De acordo com dados citados pela revista, a Sociedade Internacional de Cirurgia Plástica situa o país em primeiro no ranking da correção de imperfeições nos lábios vaginais, com 16% de todas as intervenções realizadas. A revista referiu-se ao dilema de ter uma genitália que atenda a requisitos de padronização estética como “questões vaginais existenciais” (!).
O ginecologista Paulo Guimarães, especialista em ‘design vaginal’, afirma realizar 15 cirurgias ‘íntimas’ por mês. Já o cirurgião plástico Marcelo Wulkan, autor de trabalhos sobre a redução de lábios genitais publicados em revistas científicas internacionais, diz fazer cem intervenções destas por ano. Guimarães informa que nos EUA, as mulheres querem uma vagina pequena, cor de rosa. “Já as brasileiras preferem no mesmo tom da pele das mãos, com lábios de 1 cm a 1,5 cm.”
Opiniões citadas na reportagem da Glamour: “É culpa dos filmes pornôs, que ditam o padrão estético vaginal assim como os desfiles de moda ditam o padrão visual corporal”, declarou um produtor de filmes que optou pelo anonimato. A psicanalista Regina Navarro Lins monta uma teoria a respeito: “Mais uma vez, são as mulheres querendo se ajustar ao que elas supõem que os querem. Não é diferente do que faziam as gueixas, que espremiam os pés em sapatos minúsculos para ficarem atraentes aos olhos masculinos”.
Em livro clássico sobre o tema (A Dominação Masculina), o filósofo francês Pierre Bourdieu afirma que o corpo é o lugar onde se inscrevem as disputas pelo poder, é nele que o nosso capital cultural está inscrito, é ele a nossa primeira forma de identificação desde que nascemos – somos homens ou mulheres. Assim, o nosso sexo define se seremos dominados ou dominadores. O corpo é a materialização da dominação, é o “locus” do exercício do poder por excelência.
O também francês Michel Foucault recorda, em Vigiar e Punir, o modo pelo qual o corpo é corrigido pela arquitetura da vigilância, que cria vários dispositivos para a correção e transformação, como uma imensa empresa de normalização que investe nos instrumentos, nos desempenhos corporais para compor o sujeito regulado.
O corpo surge como um símbolo que consagra e torna visíveis as extremas diferenças entre os grupos sociais no Brasil, conforme a antropóloga brasileira Mirian Goldenberg.
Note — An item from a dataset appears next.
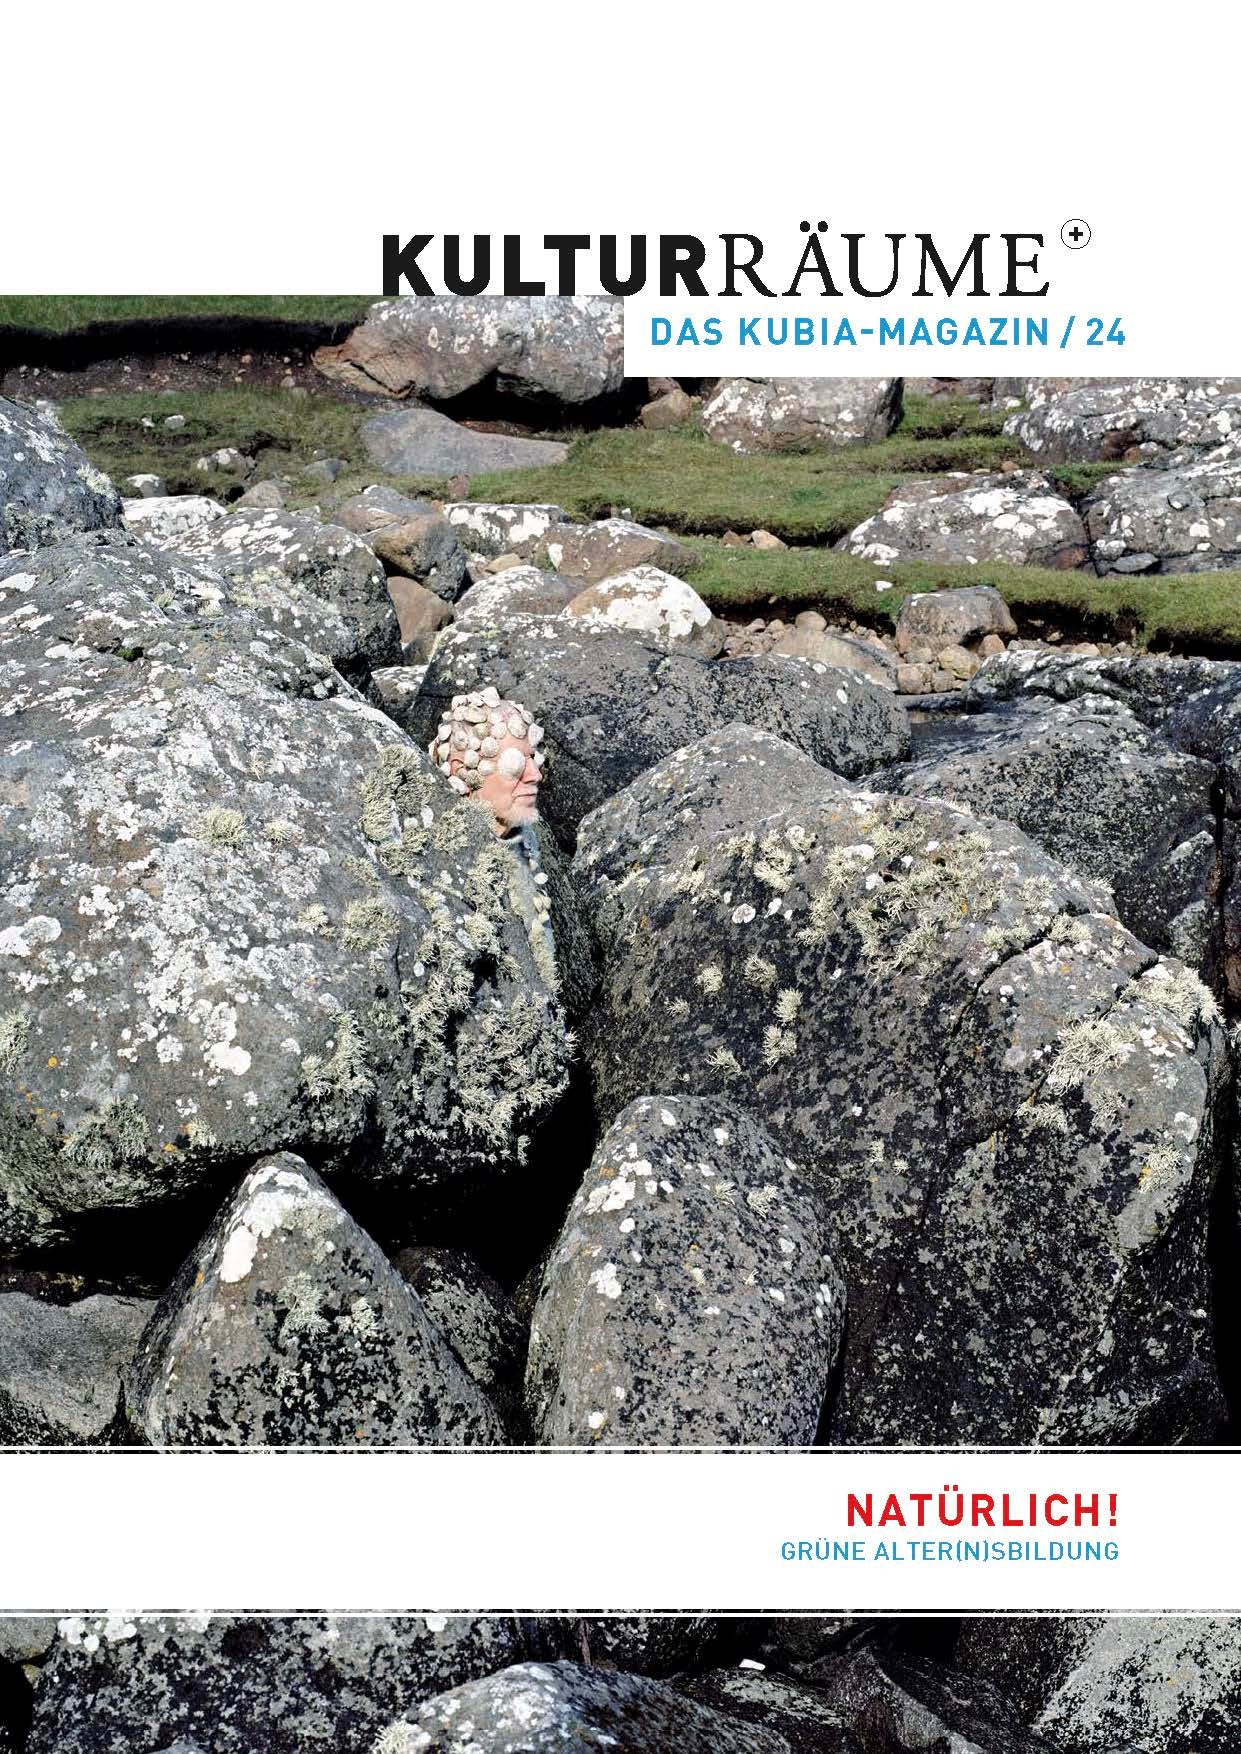 Cover Kulturräume+ 24/2023. Foto von Riitta Ikonen und Karoline Hjorth aus der Serie "Eyes as Big as Plates" mit dem Gesicht eines alten Manns, das scheinbar mit Muscheln bewachsen ist, was ihn zum Teil der ihn umgebenen Felslandschaft werden lässt.

No Brasil, diz ela, o corpo trabalhado, cuidado, sem marcas indesejáveis (rugas, estrias, celulites, manchas) e sem excessos (gordura, flacidez) é o único que, mesmo sem roupas, está decentemente vestido. É o corpo que deve ser exibido, moldado (inclusive nas chamadas ‘partes pudentas’), manipulado, costurado, enfeitado, produzido, imitado. É o corpo reformado conforme os padrões que entra e sai da moda.
Ainda segundo Bourdieu, no livro citado, os homens tendem a se mostrar insatisfeitos com as partes de seu corpo que consideram “pequenas demais” enquanto as mulheres dirigem suas críticas às regiões de seu corpo que lhes parecem grandes demais. Sintomático da angústia acerca do tamanho do falo.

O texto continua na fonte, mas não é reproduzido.